Phase 16 Labs — Serving APIs & Parsers
Three labs on the front door: the layer that turns an inference engine into an API
product. The arc: parse tool calls out of a token stream, streaming-safely
(lab-01), go a level down to the byte boundary — the detokenizer that never emits
broken UTF-8 (lab-03), then run the whole door — vllm serve, the OpenAI client,
and a source trace that assigns every response artifact to its layer (lab-02).
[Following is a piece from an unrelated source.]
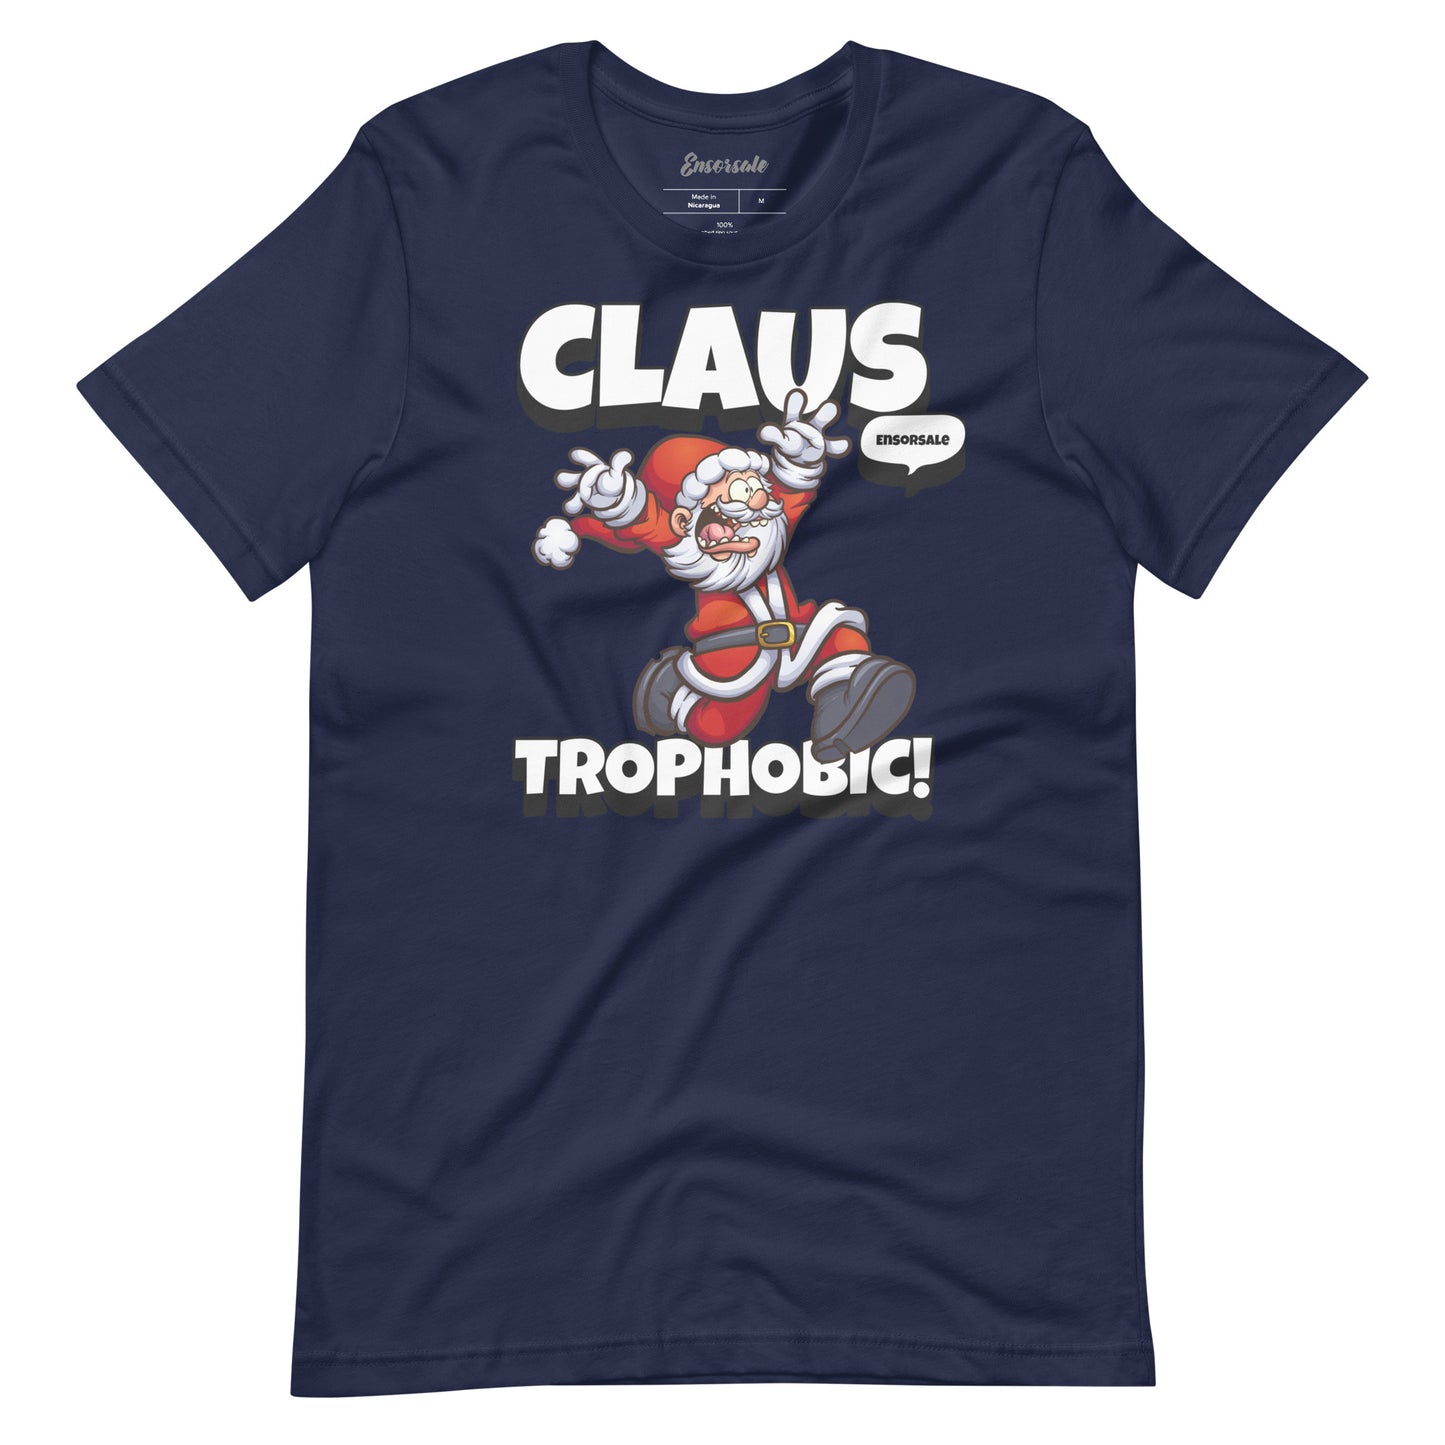 Claustrophobic t-shirt

Recommended order: 03 → 01 → 02 (bytes, then tags, then the server that composes
both). CPU labs follow the standard contract — starter.py (your work),
solution.py (reference), test_lab.py (the spec); default runs the solution,
LAB_IMPL=starter grades yours.
# Whole phase (GPU tests auto-skip without CUDA):
pytest phase-16-serving-apis-and-parsers/labs -m "not gpu"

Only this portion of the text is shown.